Can you guess the sort of thinking I'm using here and explore other parts of your integrands to see if you can expose one or more problems?
POSTED BY: Bill Simpson
Posted 11 years ago
that was my post over there.  I dont understand what he is saying and that website wont let me reply and ask him whats going on
POSTED BY: john stevens
Posted 11 years ago
Thank you Bill! How do I begin to do that?  This problem is so strange.  I just checked my equations and all the code is in place.

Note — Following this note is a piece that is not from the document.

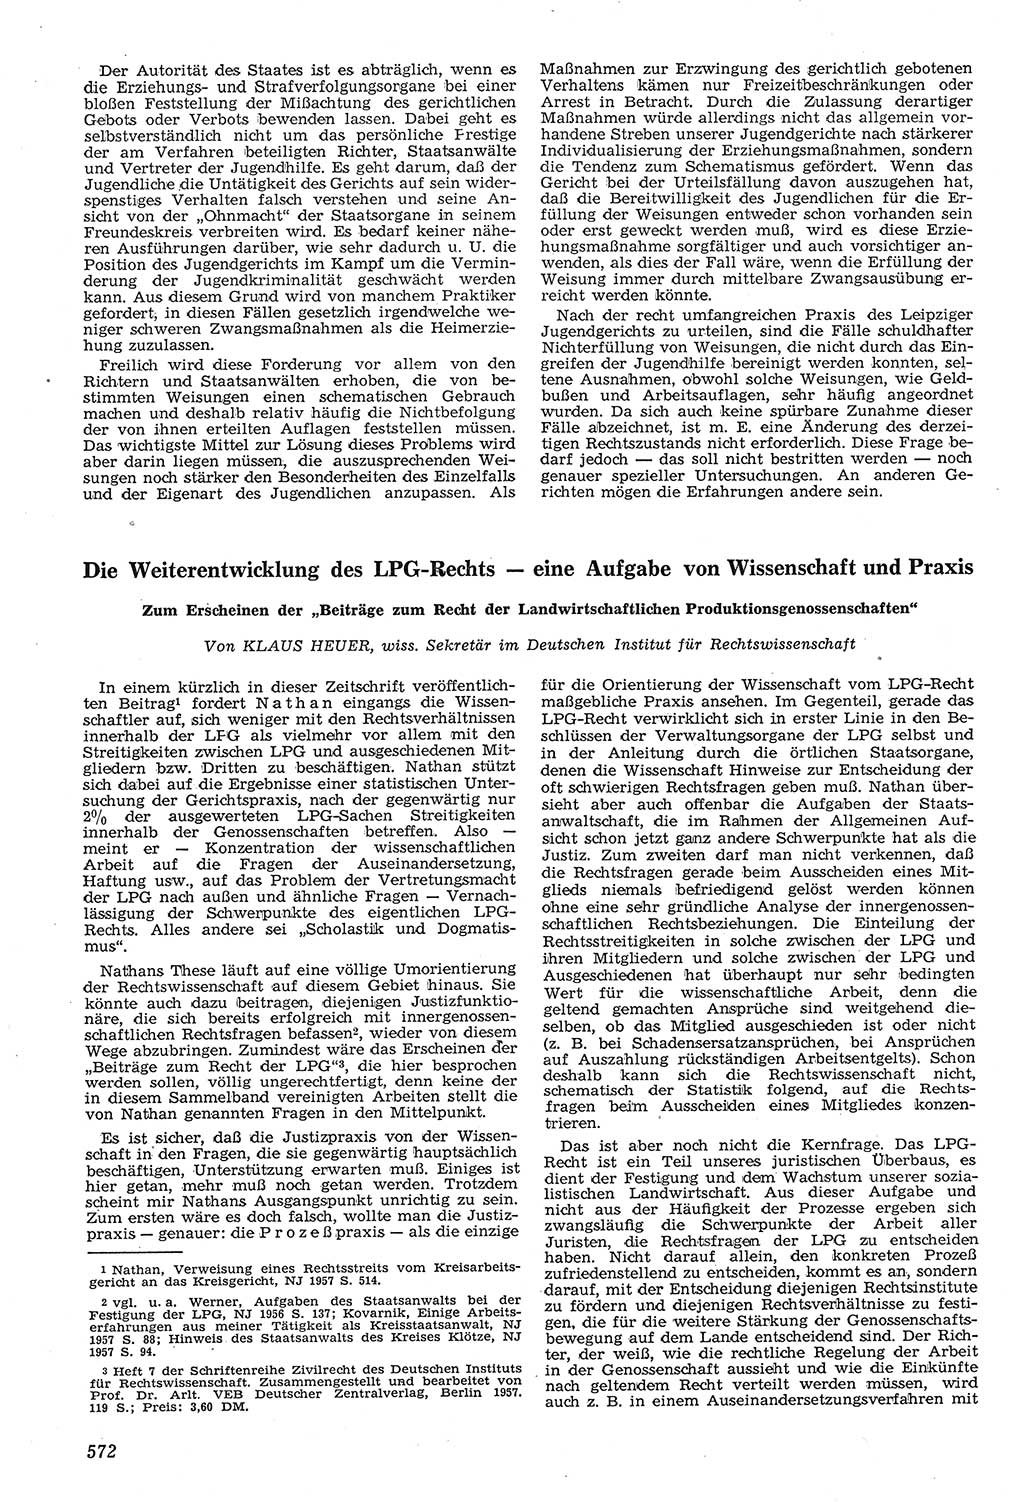 Neue Justiz (NJ), Zeitschrift für Recht und Rechtswissenschaft [Deutsche Demokratische Republik (DDR)], 11. Jahrgang 1957, Seite 572 (NJ DDR 1957, S. 572)

Last I was getting the results I needed to get.  The result Vd=0 Vz=.0036 and Vp=.0036 was getting .0036 which was exactly what i needed.  also when i was using the slider I was getting the exact curve shape i needed to match up with an experiment done.   ugh this makes no sense I just dont understand how mathematica knew how to handle this integral one moment and the next it didnt.  maybe it did eat part of the code but its just hard to believe that because everything piece of the equations look correct.
POSTED BY: john stevens
Posted 11 years ago
Bill do you believe it is possible that Mathematica may have been using a different strategy for integration for some reason?
POSTED BY: john stevens
Posted 11 years ago
Next, a hopefully slightly brighter point.
EDIT: Fixed one silly error. Surprisingly, it didn't seem to change the result, but don't trust this until you have carefully tested it.
 In[1]:= w = 1.88*10^11;h = 1.054571726*10^-34;m = .063*9.11*10^-31;
 noUfExp[v_] := Piecewise[{{Exp[-10^-3], v < -10^-3}, {Print[{v, Exp[v]}]; Exp[v], True}}];
 num[kp_?NumericQ, kz_?NumericQ, Vz_?NumericQ, Vp_?NumericQ, Vd_?NumericQ] :=
   kz^2*kp*(kz^2*Vz + kp^2*Vp)^(-1/2)*(1/(kz^2 + kp^2))*((
   noUfExp[-1/8*(h*(kp^2 + kz^2)/(2*m) - kz*Vd + w)^2/(kz^2 + kp^2)] +
   noUfExp[-1/8*(h*(kp^2 + kz^2)/(2*m) + kz*Vd + w)^2/(kz^2 + kp^2)])*(Coth[1/2] + 1) + (
   noUfExp[-1/8*(h*(kp^2 + kz^2)/(2*m) - kz*Vd - w)^2/(kz^2 + kp^2)] +
   noUfExp[-1/8*(h*(kp^2 + kz^2)/(2*m) + kz*Vd - w)^2/(kz^2 + kp^2)])*(Coth[1/2] - 1));
 denom[kp_?NumericQ, kz_?NumericQ, Vz_?NumericQ, Vp_?NumericQ, Vd_?NumericQ] :=
  kz^2*kp*(kz^2*Vz + kp^2*Vp)^(-3/2)*(1/(kz^2 + kp^2))*(((h*(kp^2 + kz^2)/(2*m) - kz*Vd + w)*
  noUfExp[-1/8*(h*(kp^2 + kz^2)/(2*m) - kz*Vd + w)^2/(kz^2 + kp^2)] + (h*(kp^2 + kz^2)/(2*m) + kz*Vd + w)*
  noUfExp[-1/8*(h*(kp^2 + kz^2)/(2*m) + kz*Vd + w)^2/(kz^2 + kp^2)])*(Coth[1/2]+1)+((h*(kp^2+kz^2)/(2*m)-kz*Vd-w)*
  noUfExp[-1/8*(h*(kp^2 + kz^2)/(2*m) - kz*Vd - w)^2/(kz^2 + kp^2)] + (h*(kp^2 + kz^2)/(2*m) + kz*Vd - w)*
  noUfExp[-1/8*(h*(kp^2 + kz^2)/(2*m) + kz*Vd - w)^2/(kz^2 + kp^2)])*(Coth[1/2] - 1));
With[{Vz = .0036, Vp = .0036, Vd = 0},
  h/(2*m)*
  NIntegrate[num[kp, kz, Vz, Vp, Vd], {kp, 0, 2792.53}, {kz, 0, 2792.53}]/
  NIntegrate[denom[kp, kz, Vz, Vp, Vd], {kp, 1, 2792.530}, {kz, 1, 2792.530}]
]

Out[7]= 2.85787*10^-11
Is there any chance that when you edit in appropriate values for Vz,Vp and Vd that it gives a correct result?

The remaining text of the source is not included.